─── PROVIDED MATERIAL ───

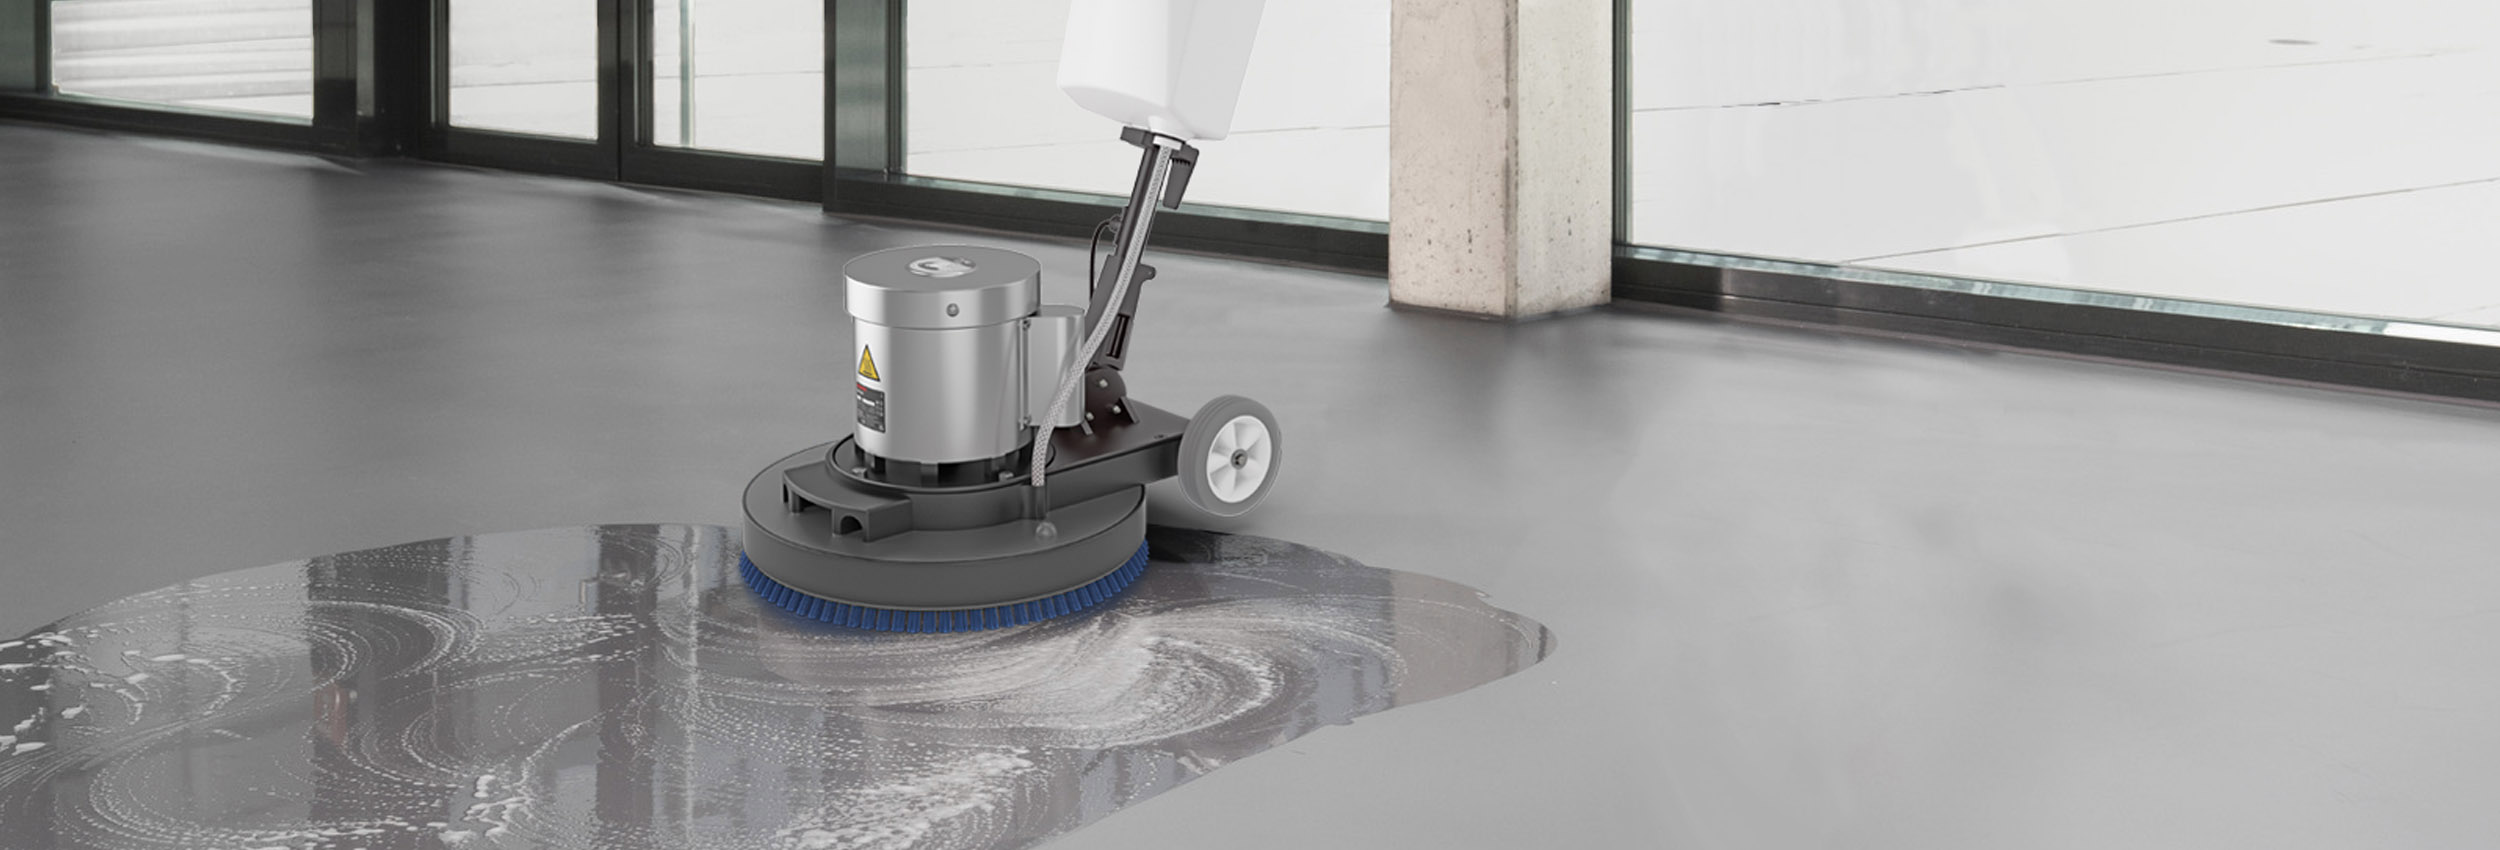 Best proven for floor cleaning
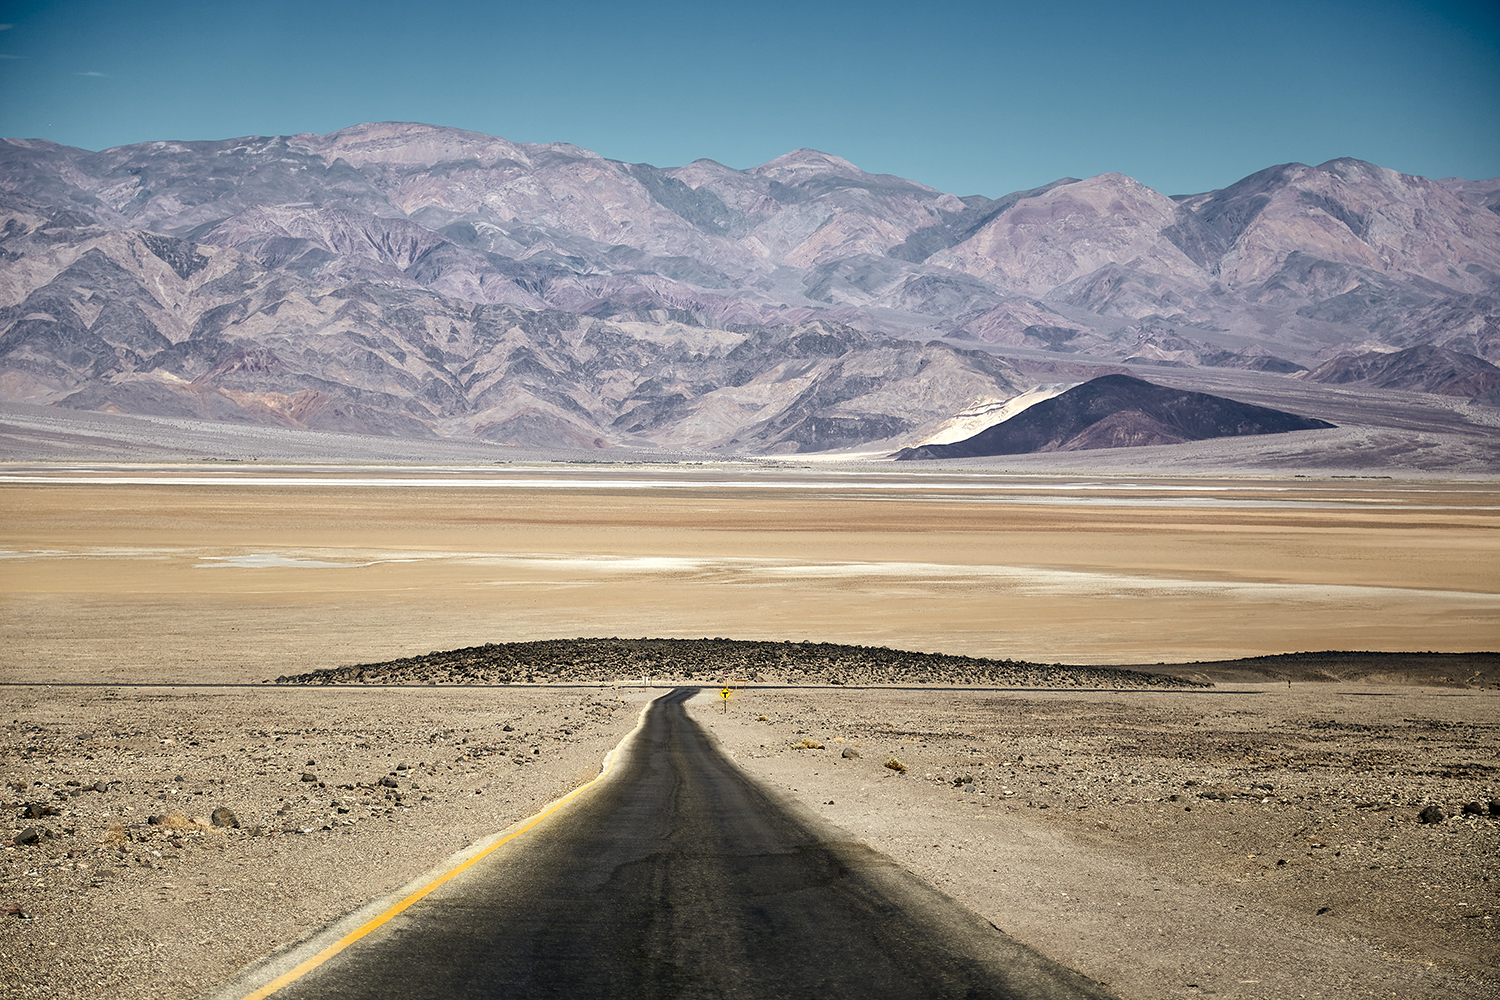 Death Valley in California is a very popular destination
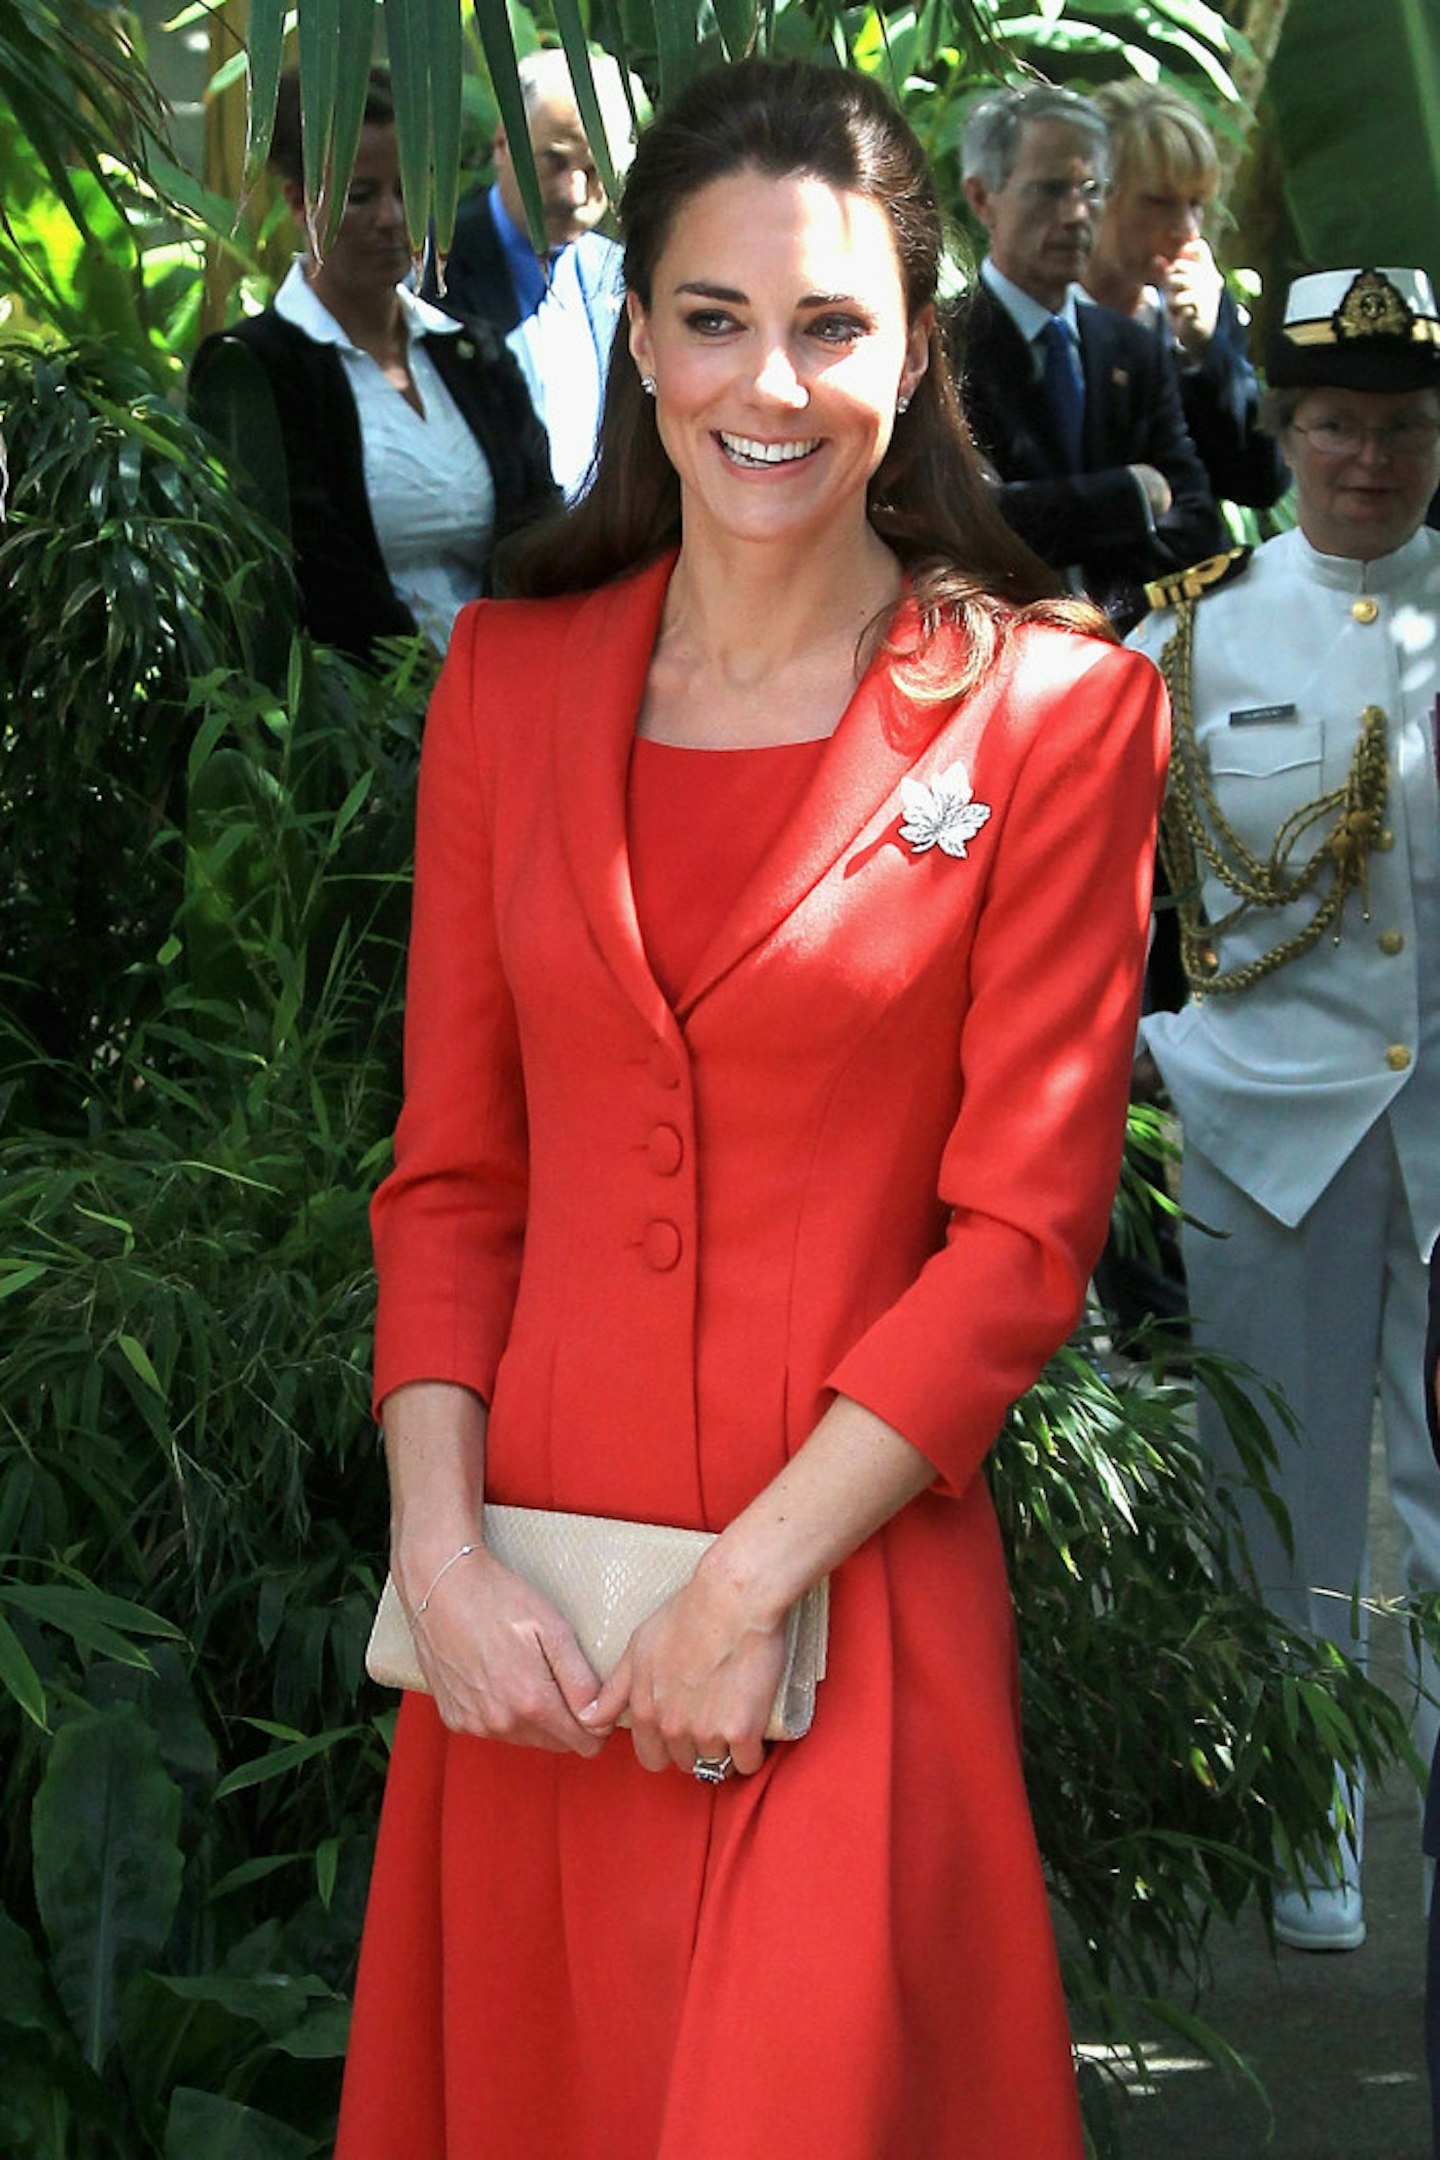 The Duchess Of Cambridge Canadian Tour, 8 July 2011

───

## WHAT THE TASK ASKS
In your reply, every line of the material should appear exactly as written, and no picture should.

## REPLY
 Best proven for floor cleaning
 Death Valley in California is a very popular destination
 The Duchess Of Cambridge Canadian Tour, 8 July 2011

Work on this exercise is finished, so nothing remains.